%%

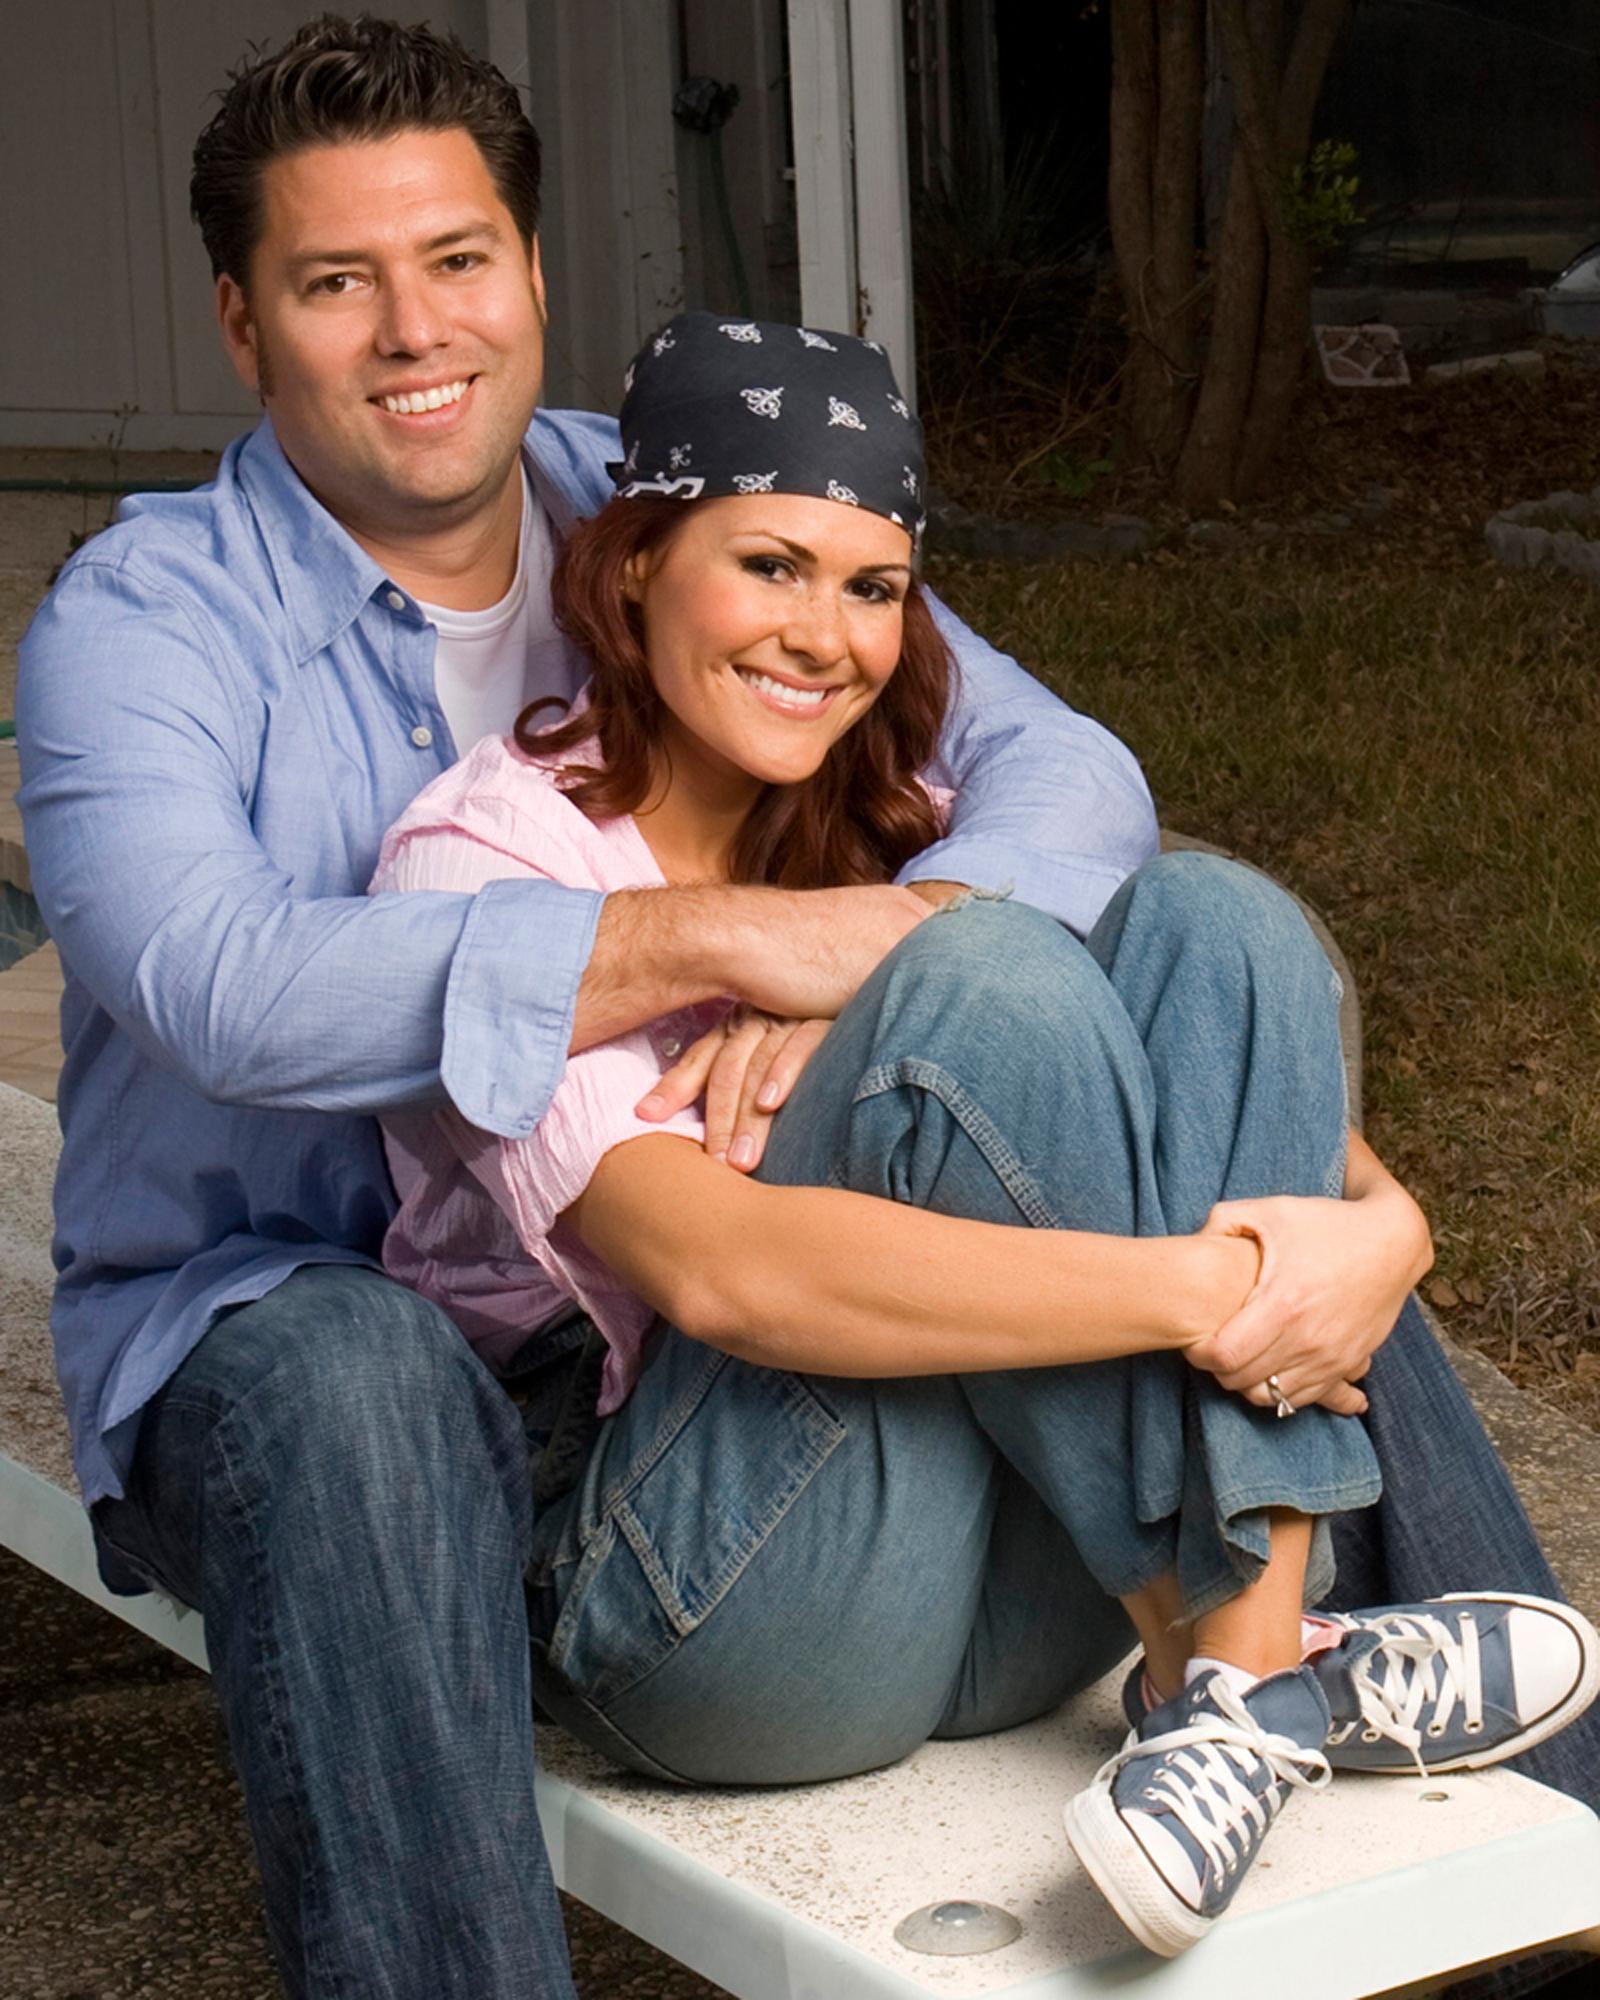 Montelongo Divorce Documents Reveal Eye Popping Spousal
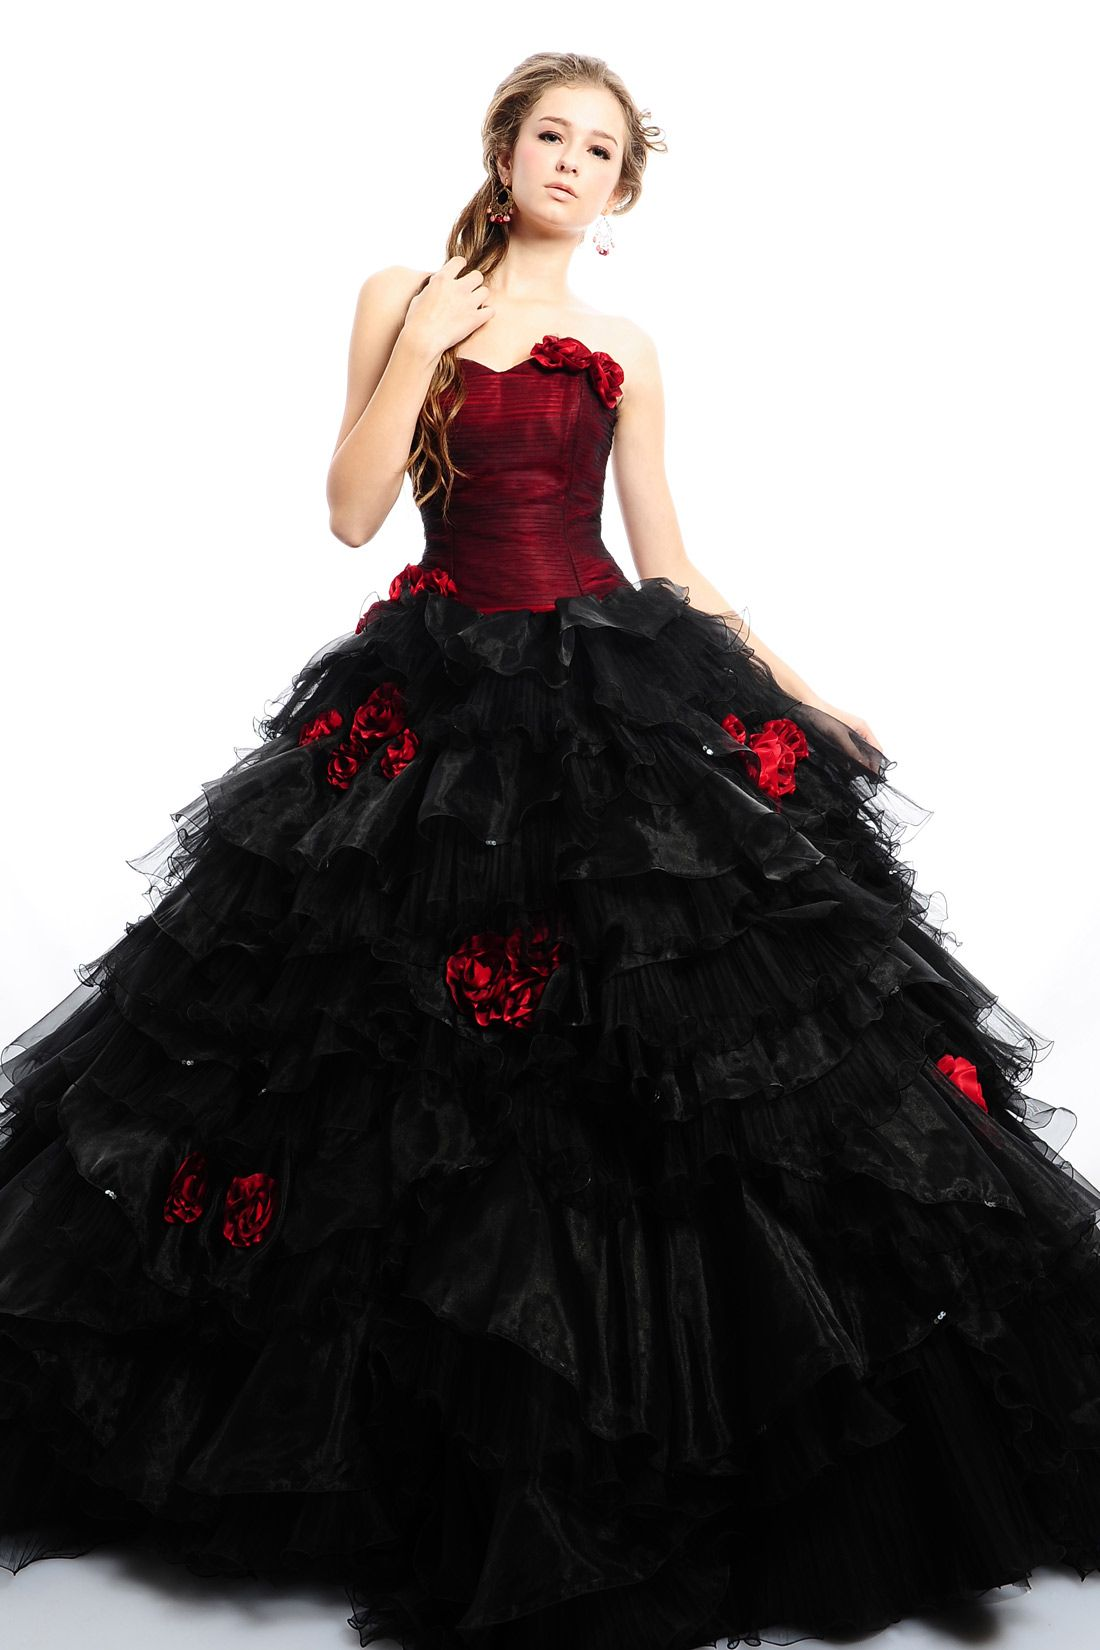 20 Vizcaya Quinceanera Dresses - Complete Guide | Quince dresses ...
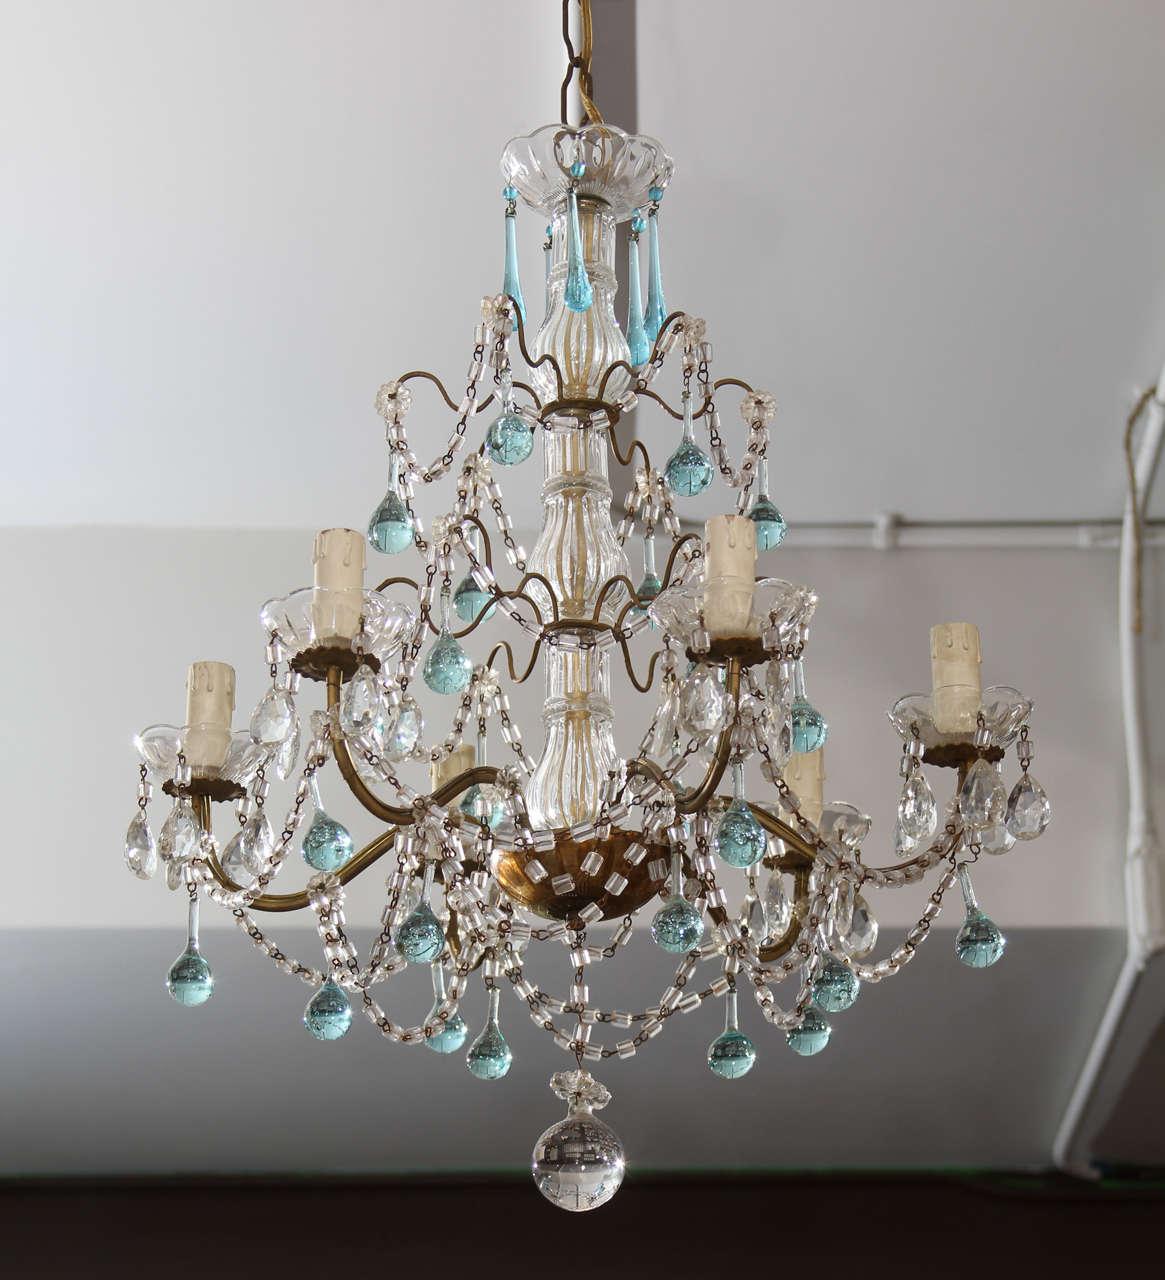 Very pretty six-arm glass chandelier with sea blue glass drops.

%%

Work instruction
Retype the listing above exactly, please. Pictures do not belong in the copy.

Task response
 Montelongo Divorce Documents Reveal Eye Popping Spousal
 20 Vizcaya Quinceanera Dresses - Complete Guide | Quince dresses ...
 Very pretty six-arm glass chandelier with sea blue glass drops.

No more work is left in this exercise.